Los dedos se agarraban a la mesa. Ojalá pudiera pegar, destrozar, convertirse en fuego o piedra.
– No, hombre, volcarás la mesa, y luego ¿qué? Yo sé que lo que quieres en realidad no es esto, sino preguntar algo. Pregunta, te sentirás aliviado. Te echas esto en el gaznate, pero dejas de pensar sólo por un instante, mientras te quema la garganta. ¿Quieres saber?
Baltazar iba desmoronándose, con los brazos abiertos, sobre las tablas de la mesa, a merced de aquella comadreja débil, pero feroz.
– Cuando uno hace algo, ¿acaso es porque no habría podido actuar de otra manera? Eso es lo que te atormenta, ¿verdad? Si soy lo que ahora soy, es porque en ésa u otra circunstancia actué de ésa u otra manera. Pero ¿por qué actué de aquel modo? ¿No será porque, desde un principio, soy como soy? ¿Es por eso?

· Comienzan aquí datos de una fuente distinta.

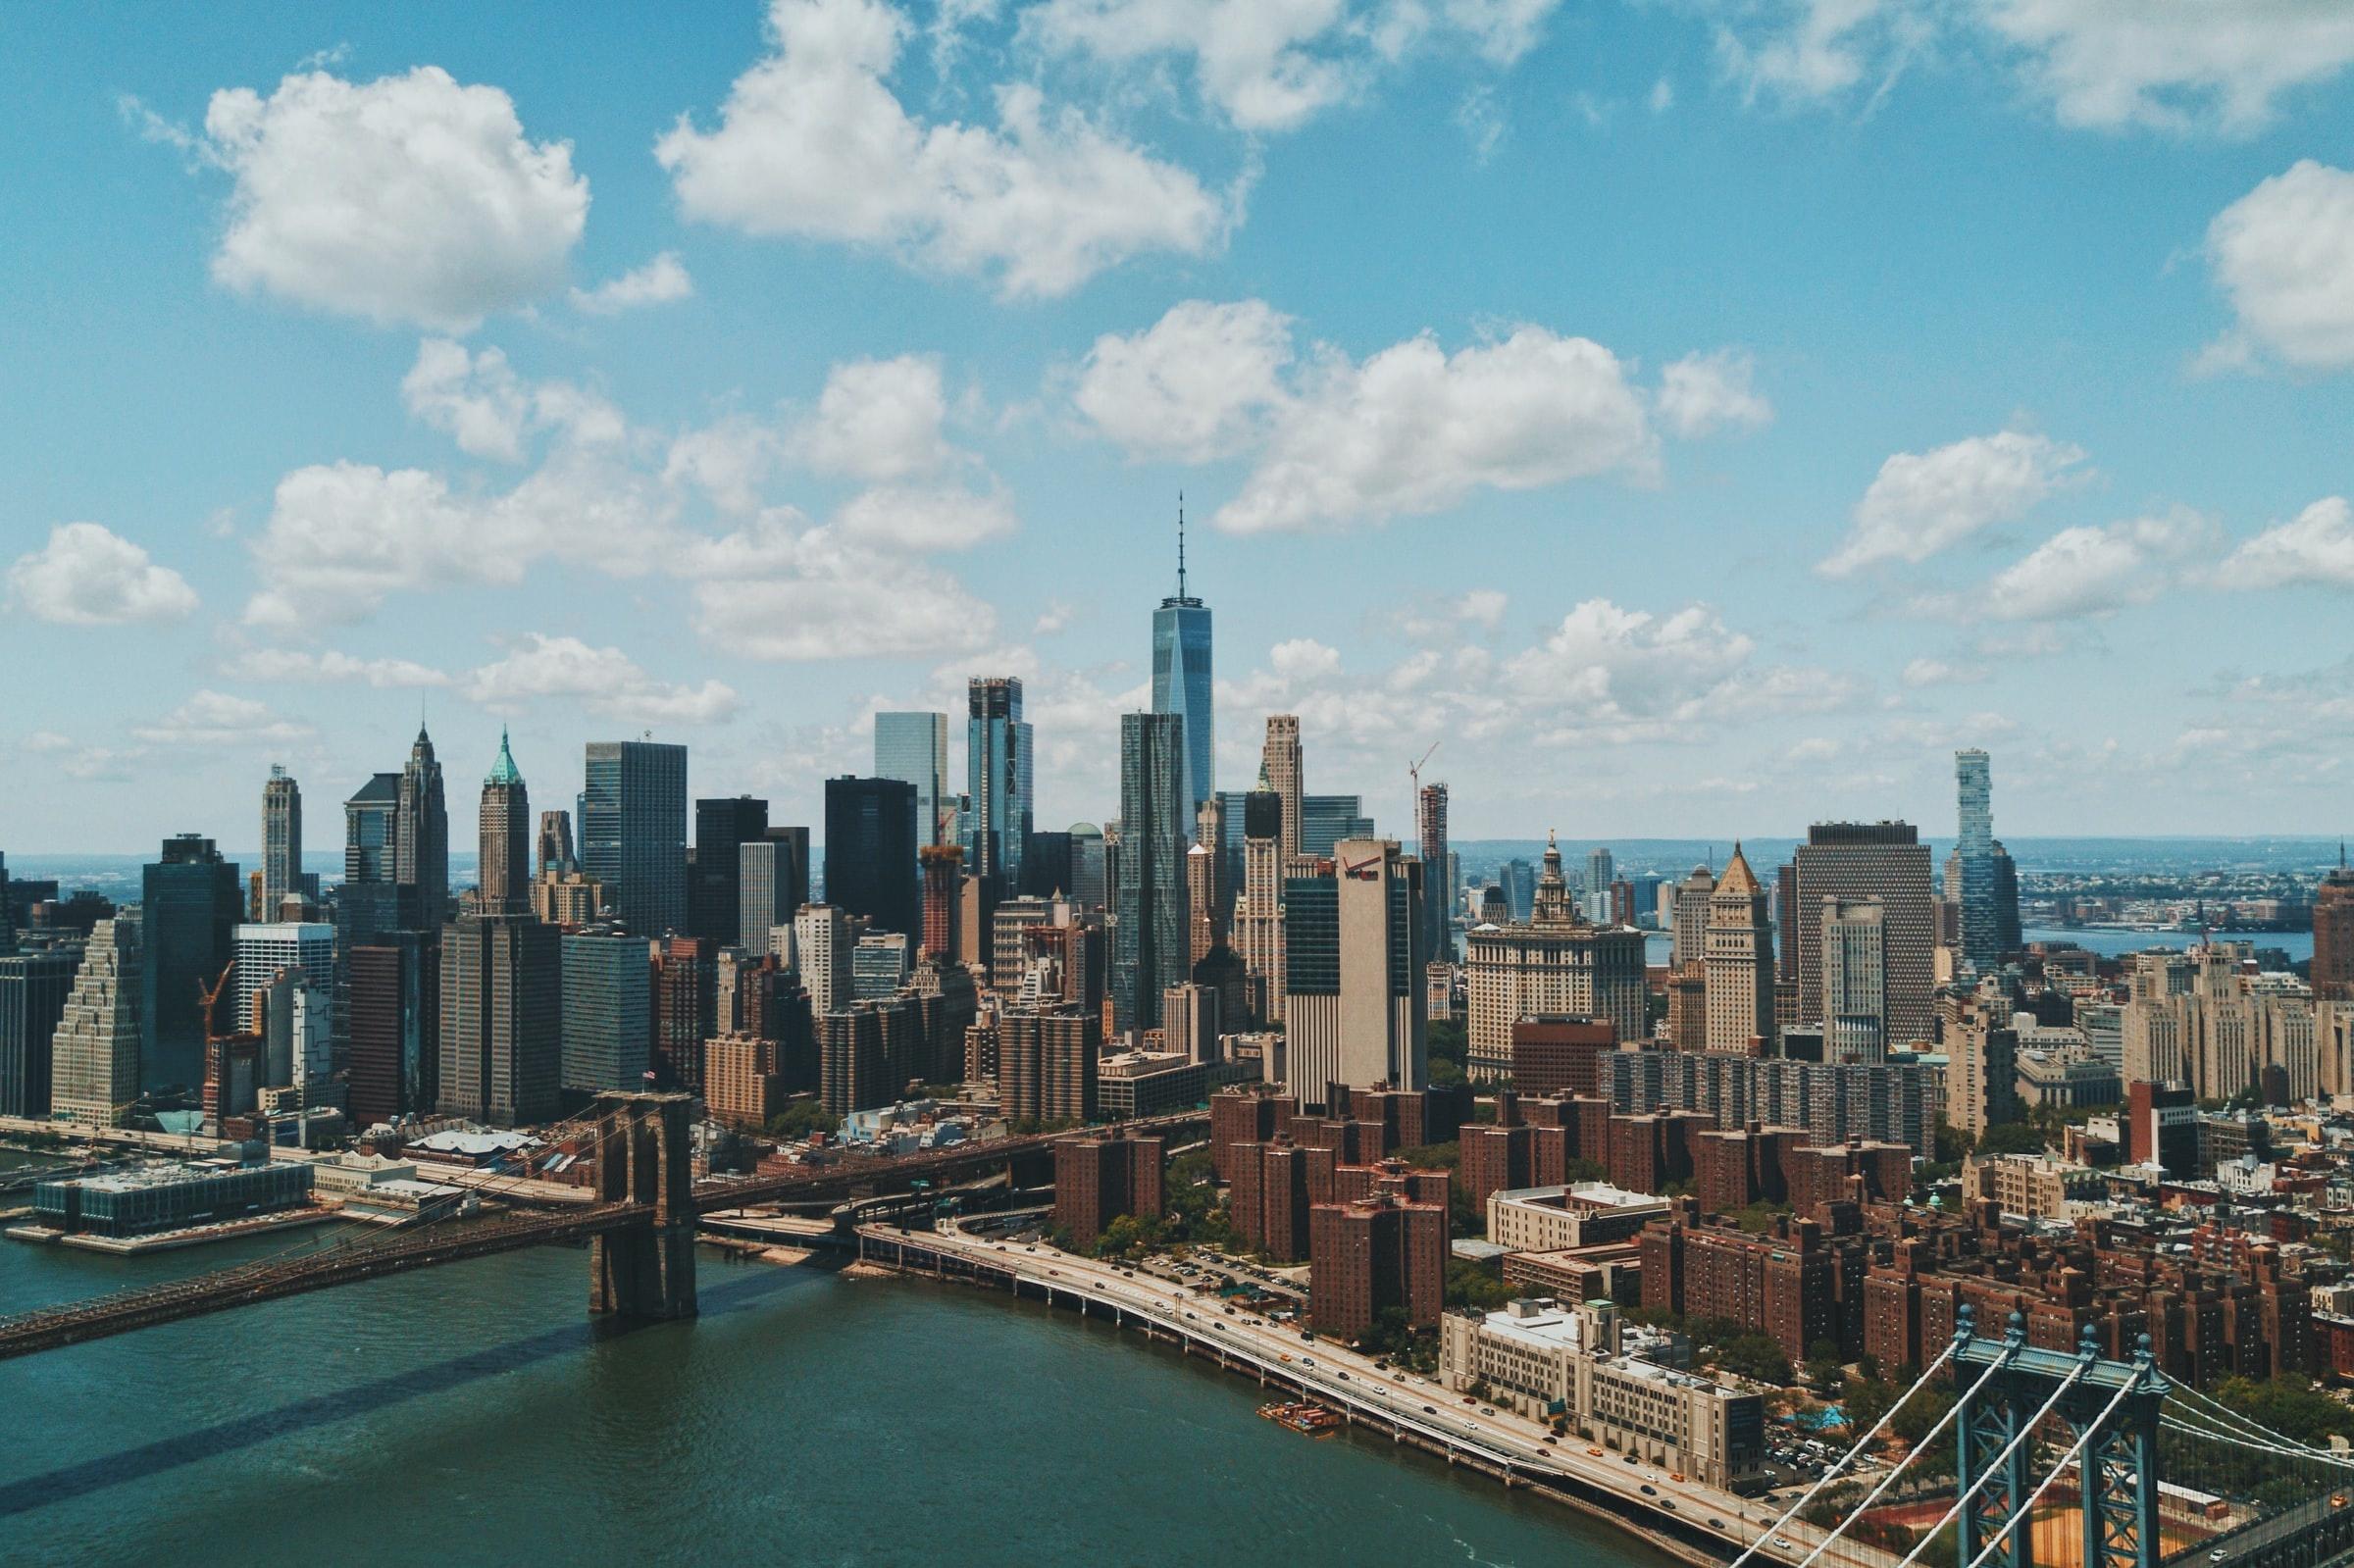 New York, NYC, NY, New York City, YSG Solar

Bajo la mirada, que venía hacia él desde el espacio, y que iba adoptando distintos rostros a su alrededor, aunque fuera en sí inmutable, Baltazar asentía con la cabeza.
– ¿Te duele que la simiente sea mala y que de la simiente de una ortiga no crezca una espiga de trigo?
– Claro que sí.
– Te daré un ejemplo. Fíjate en una encina. La miras y ¿qué ves? ¿Debería crecer allí donde está?
– Sí, debería.
– Pero un jabalí habría podido hozar la tierra y comerse la bellota. Si miraras otra vez aquel mismo lugar, ¿pensarías que allí debería crecer una encina?

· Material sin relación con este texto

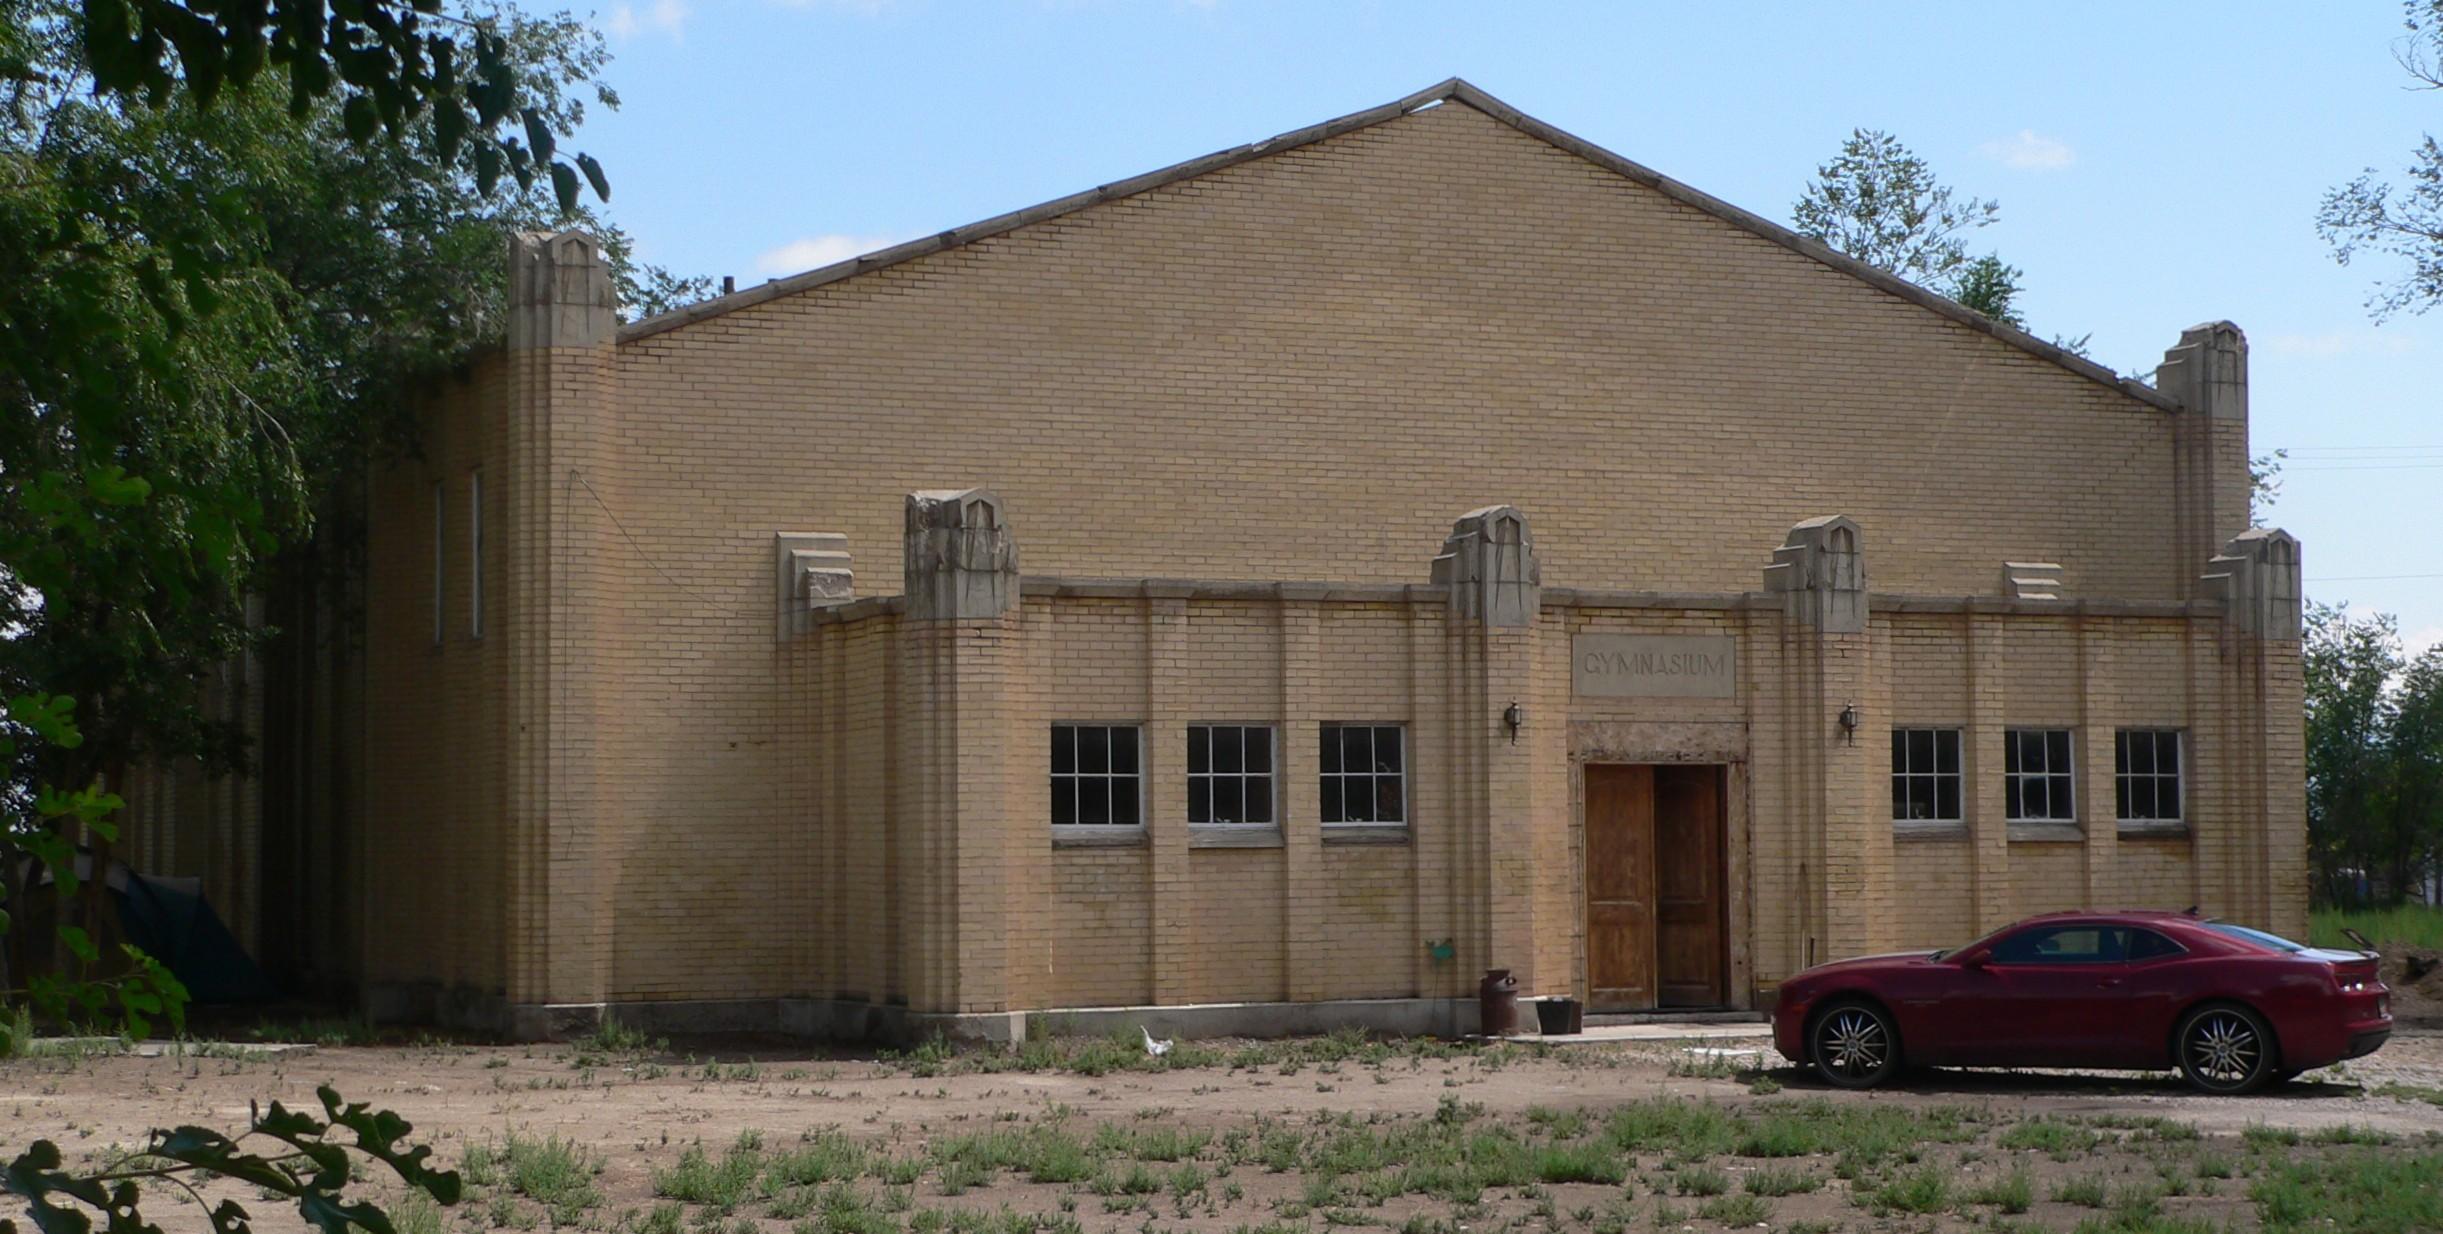 File:Hinckley, Utah HS gym from NW 2.JPG - Wikimedia Commons

Baltazar se retorcía entre los dedos un mechón de pelo.
– No lo pensarías. ¿Por qué? Porque todo lo que ha ocurrido parece como si hubiera tenido que ocurrir sin que pudiera ser de otra manera. El hombre es así. Tú mismo, más tarde, te convencerás de que no habrías sido capaz de ir a la ciudad a contarle a las personas indicadas que Surkont declaró los bosques como prados y que intentó hacer trampa.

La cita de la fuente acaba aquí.